▶ **Exercise directions**:
Restate the data word for word. Leave the pictures out.

▶ **Collected data**:
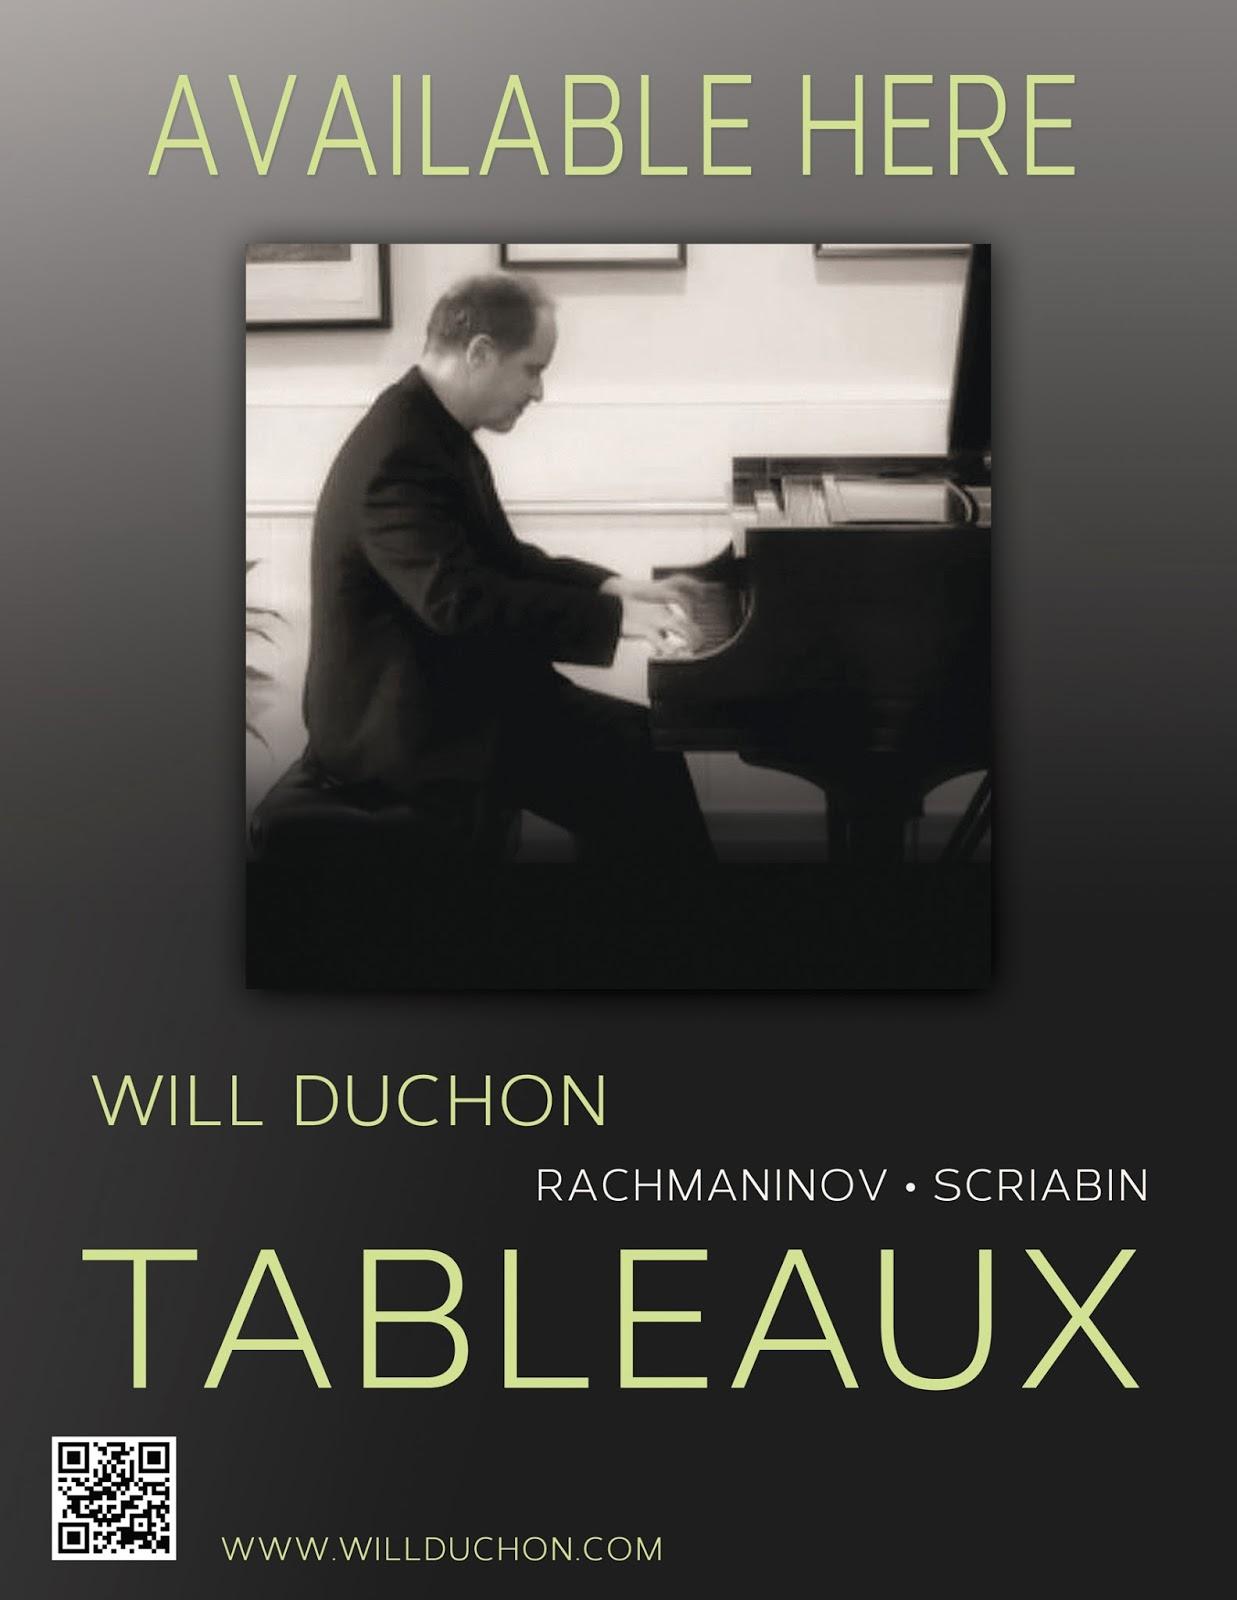 Will Duchon - Tableaux
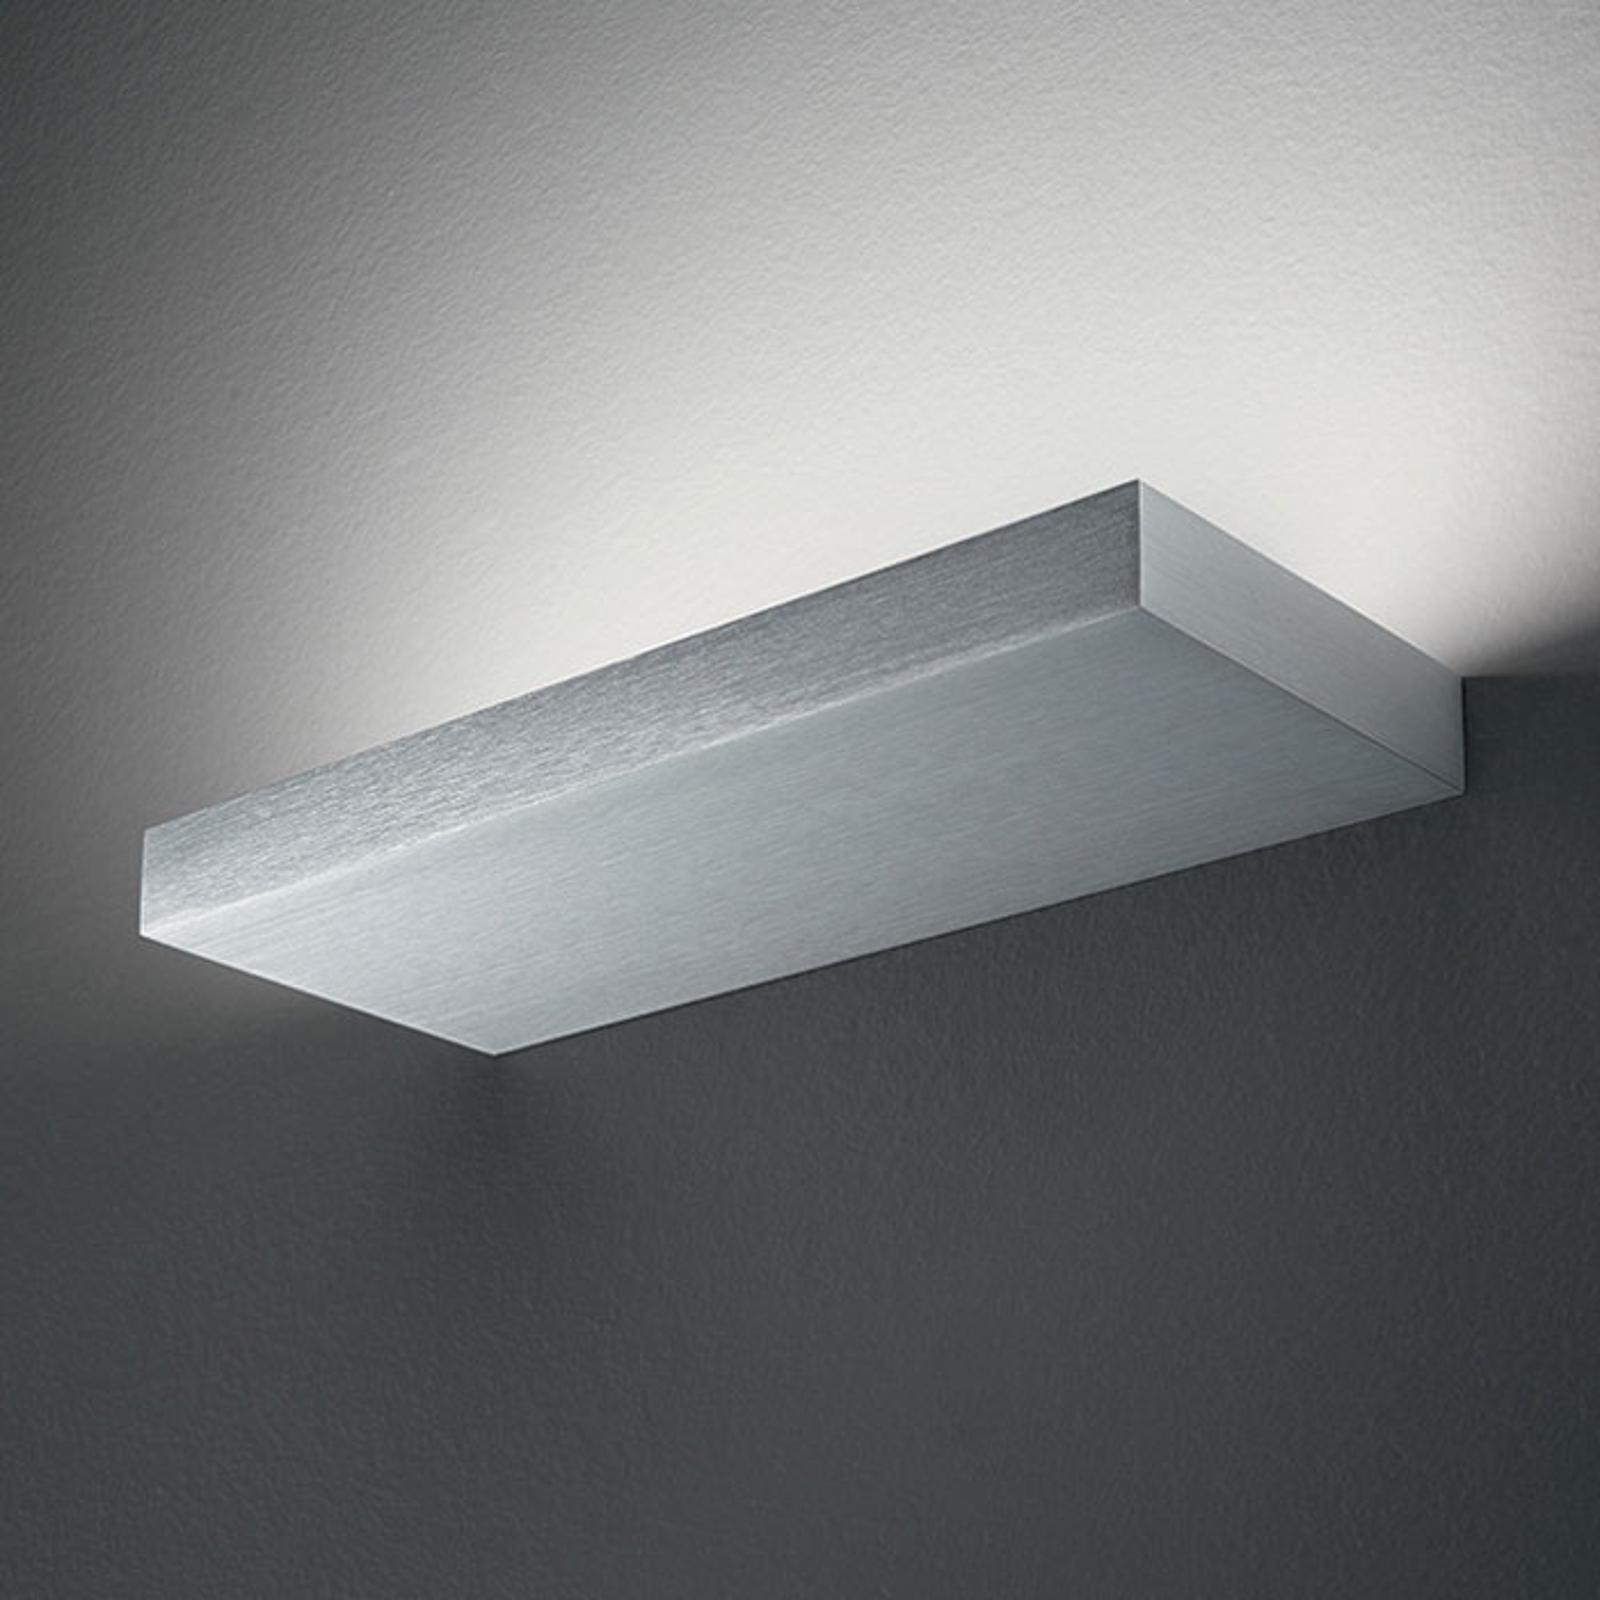 LED-Wandleuchte Regolo, Länge 32,3 cm, Aluminium
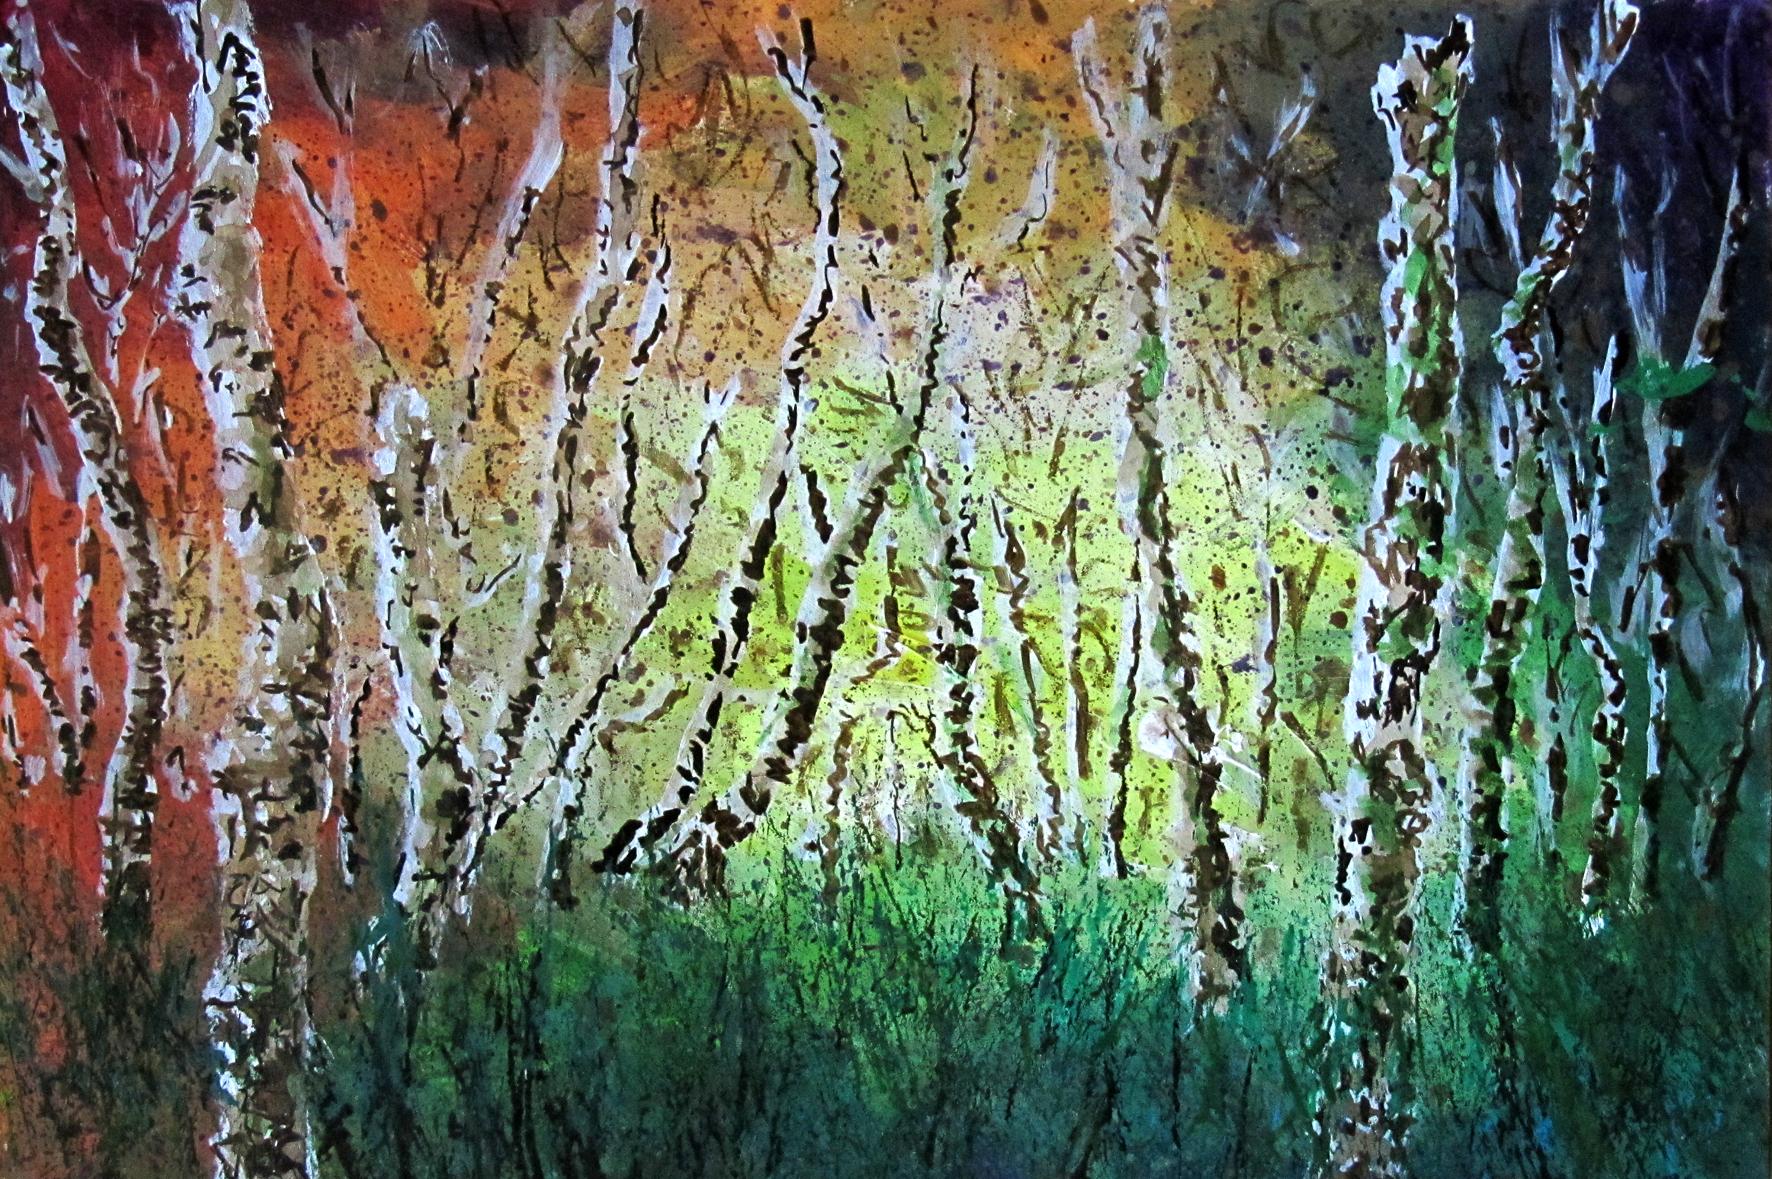 Arne, birch trees
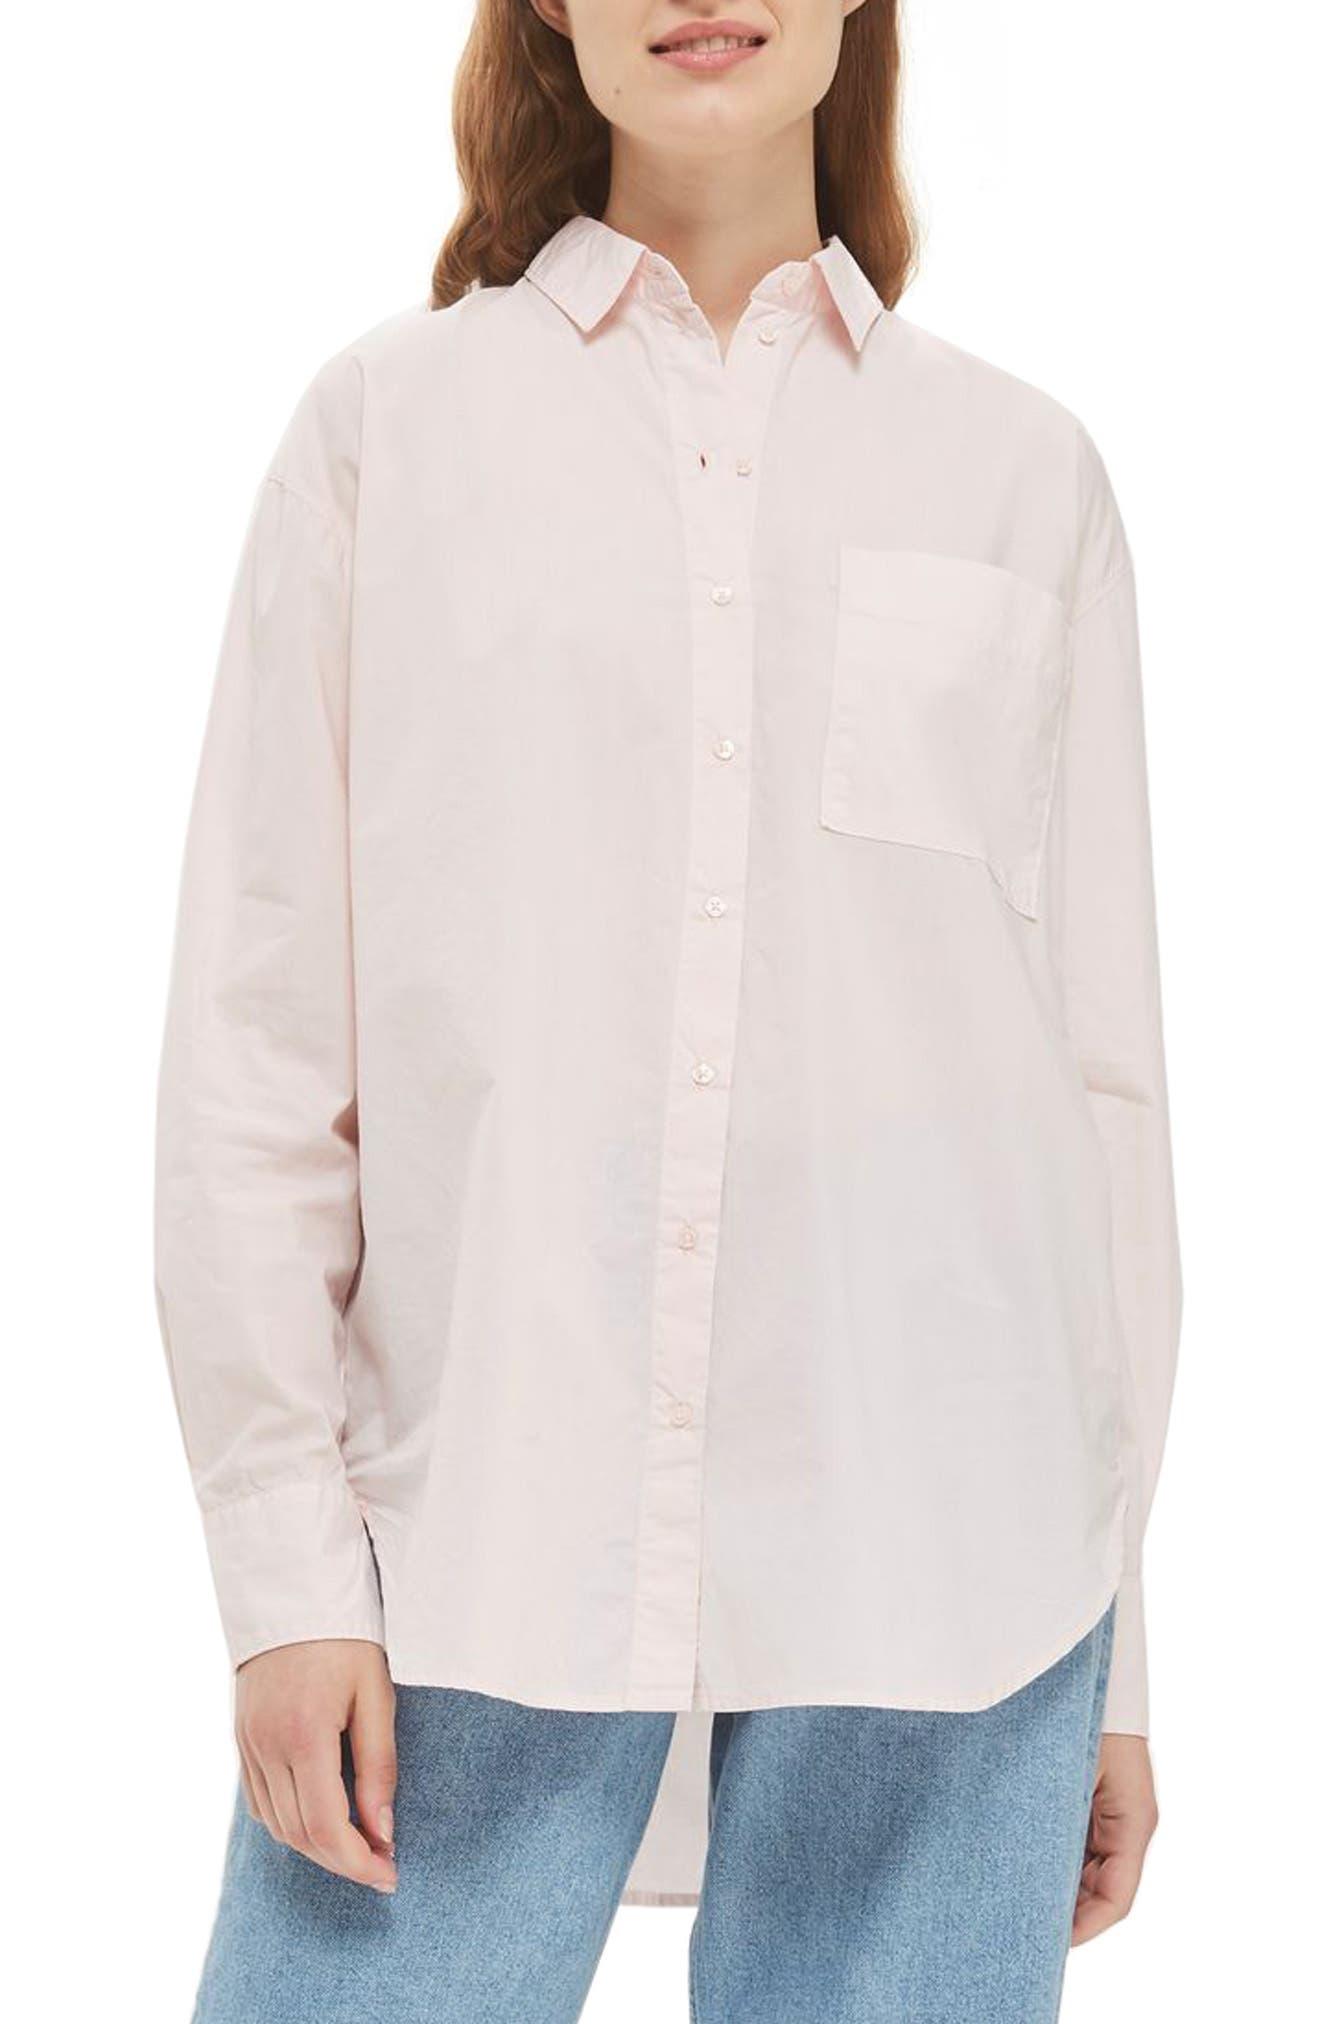 Olly Oversize Poplin Shirt,                             Main thumbnail 1, color,                             Light Pink

▶ **Exercise answer**:
 Will Duchon - Tableaux
 LED-Wandleuchte Regolo, Länge 32,3 cm, Aluminium
 Arne, birch trees
 Olly Oversize Poplin Shirt,                             Main thumbnail 1, color,                             Light Pink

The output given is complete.